Pünktlich mit der Sonne kommen um 16 Uhr die Beschäftigten der Spätschicht aus der Fabrik. "Fünf, sechs, sieben, acht – mit Arbeit wird jetzt Schluss gemacht", singen alle im Chor. Die Produktion steht nun still, umso lauter wird es vor dem Gebäude der Bäckerbub GmbH im Reutlinger Industriegebiet Betzingen: Trillerpfeifen, Schlachtrufe, fröhliches Gelächter. Die Stimmung ist gut, die Lust zu streiken spürbar. "Neun, zehn – der Streik, der kann noch weitergeh'n."
Wie in so vielen Branchen derzeit, wird in der Brot- und Backwarenindustrie um mehr Lohn gekämpft und notfalls auch gewarnstreikt. So auch bei der Bäckerbub GmbH – einer Tochterfirma von Edeka-Südwest. Die Gewerkschaft Nahrung-Genuss-Gaststätten (NGG) fordert für ihre Mitglieder elf Prozent oder mindestens 350 Euro mehr im Monat bei einer tariflichen Laufzeit von zwölf Monaten. "Das ist eine angemessene Forderung. Ein Plus im Geldbeutel erreichen wir damit nicht, höchstens einen Inflationsausgleich", sagt der NGG-Landesbezirkssekretär Alexander Münchow. Um die 70 Mitarbeiter:innen sind an diesem Donnerstag in Reutlingen dem Warnstreikaufruf gefolgt, ausgestattet mit weiß-roten NGG-Fahnen und roten Trillerpfeifen. Unter den gelben Warnwesten und den dicken Jacken trägt ein Dutzend von ihnen noch die weißen Kittel, die in den Produktionshallen vorgeschrieben sind.

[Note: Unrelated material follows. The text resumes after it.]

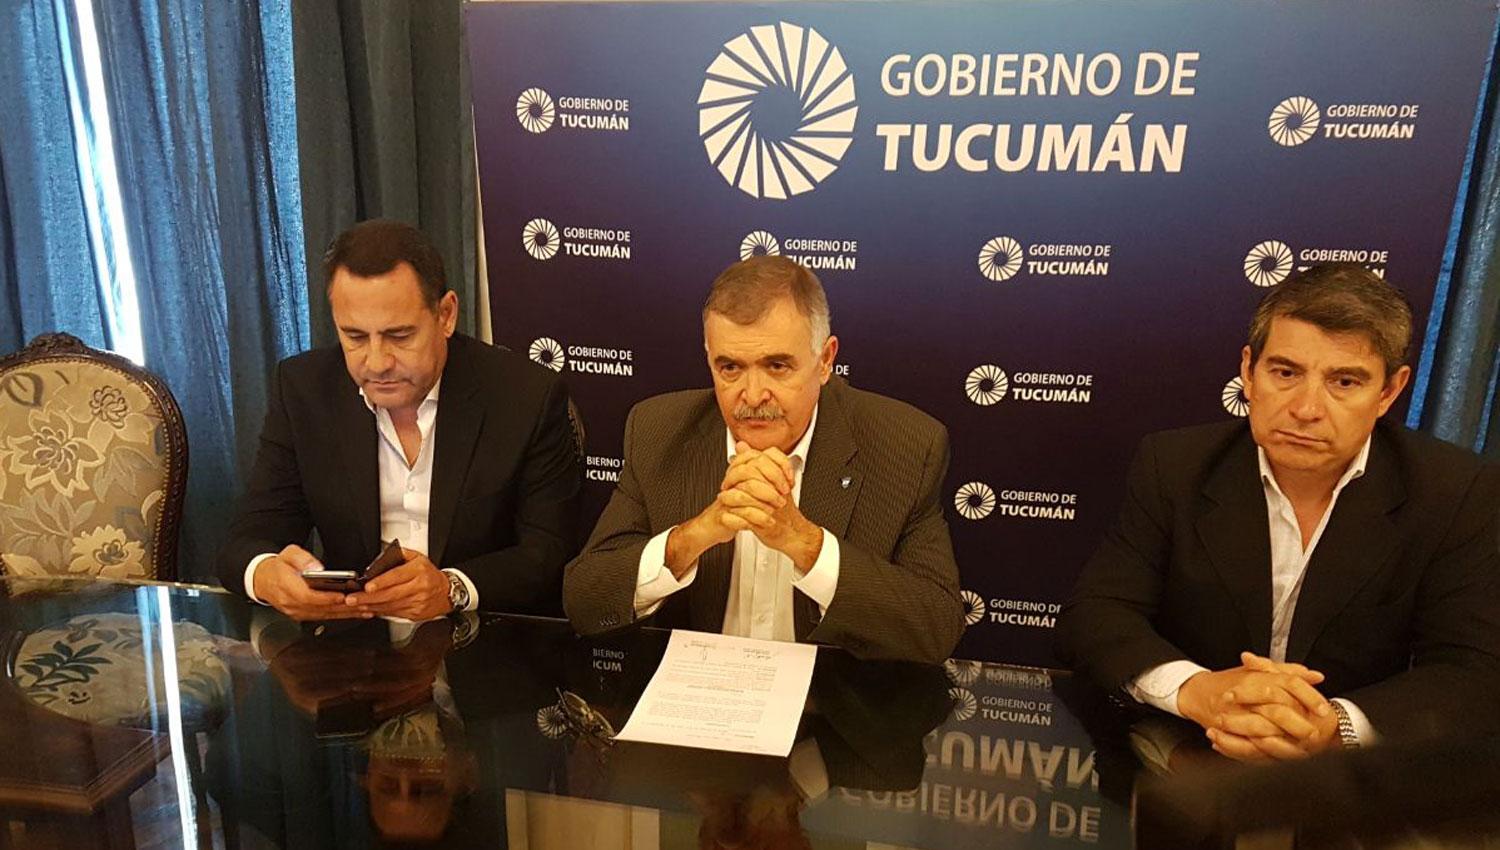 OSVALDO JALDO. El vicegobernador, junto a Regino Amado (ministro de Gobierno) y Claudio Maley (ministro de Seguridad). LA GACETA / SANTIAGO HERNÁNDEZ
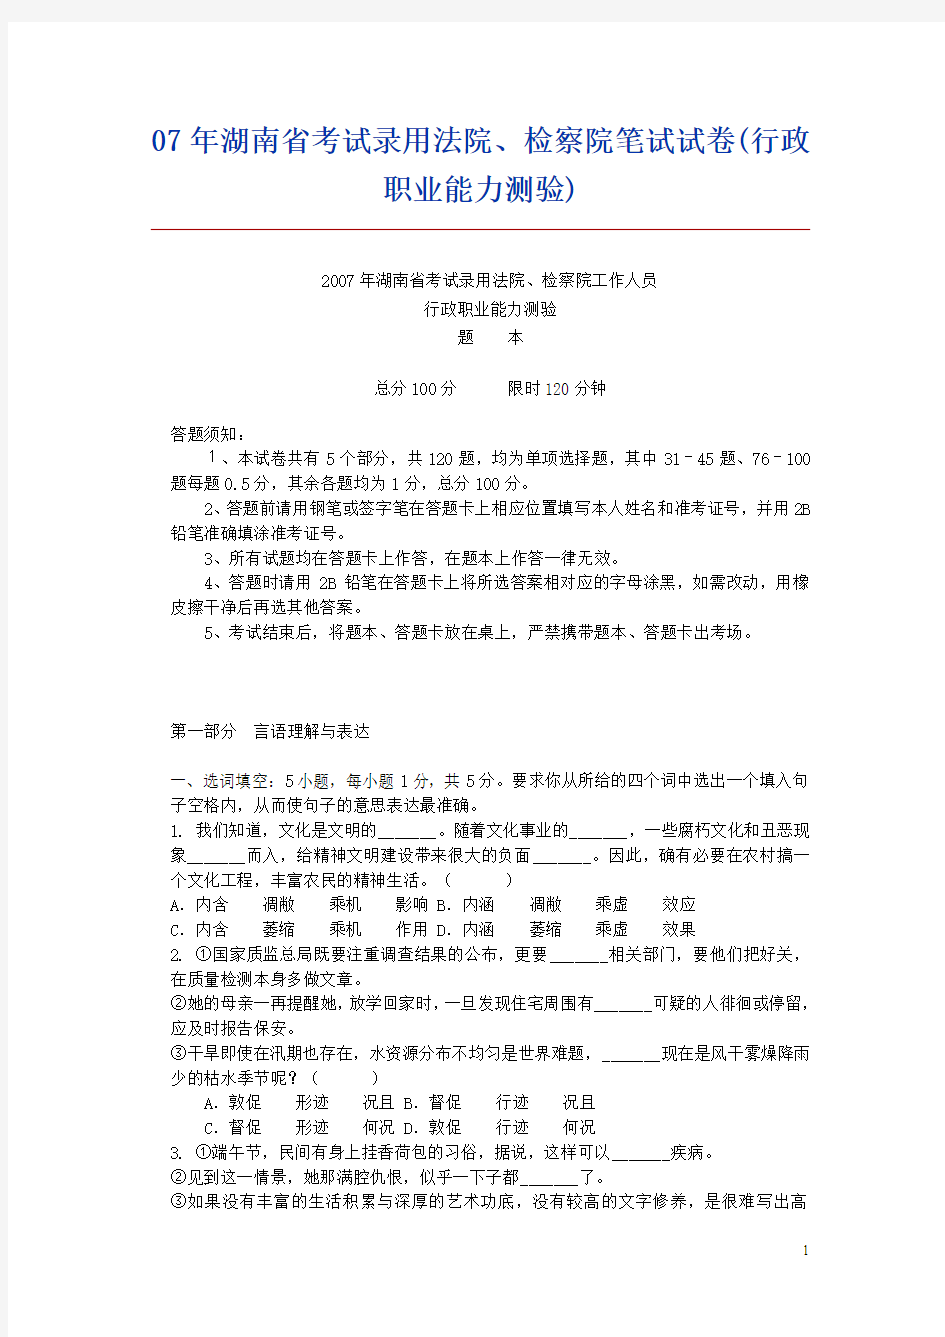 2007年湖南省考试录用法院、检察院笔试试卷(行政职业能力测验)

Am Ende des Monats ist nichts übrig
Steigende Mietpreise, teurere Lebensmittel, hohe Inflationsrate – wie viel bleibt denn am Ende des Monats vom Verdienten übrig? Nicht viel bis gar nichts, darin sind sich die Bäckerbub-Angestellten einig. Das Gegenangebot der Arbeitgeber vom ersten Verhandlungstermin am 27. Februar empfinden sie als "absolut inakzeptabel": 3,5 Prozent bei einer Laufzeit von zwei Jahren. "Das ist kein Angebot, sondern Erpressung", ruft Münchow ins Mikrofon. Auch in der zweiten Verhandlungsrunde an diesem Montag konnte man sich nicht einigen. Die Arbeitgeber boten vier Prozent ab Juli 2023 und weitere vier ab März 2024. Laufzeit – wie gehabt – 24 Monate. Und eine Inflationsausgleichsprämie in noch unbekannter Höhe. Das Angebot als "vollkommen unzureichend" empfindend, wollen die Bäckerbuben und -mädels weiterhin Druck machen, denn sie ließen sich "nicht mit Krümeln abspeisen", so Münchow. Bis zur nächsten Verhandlung am 2. Mai sind weitere Streiks angekündigt.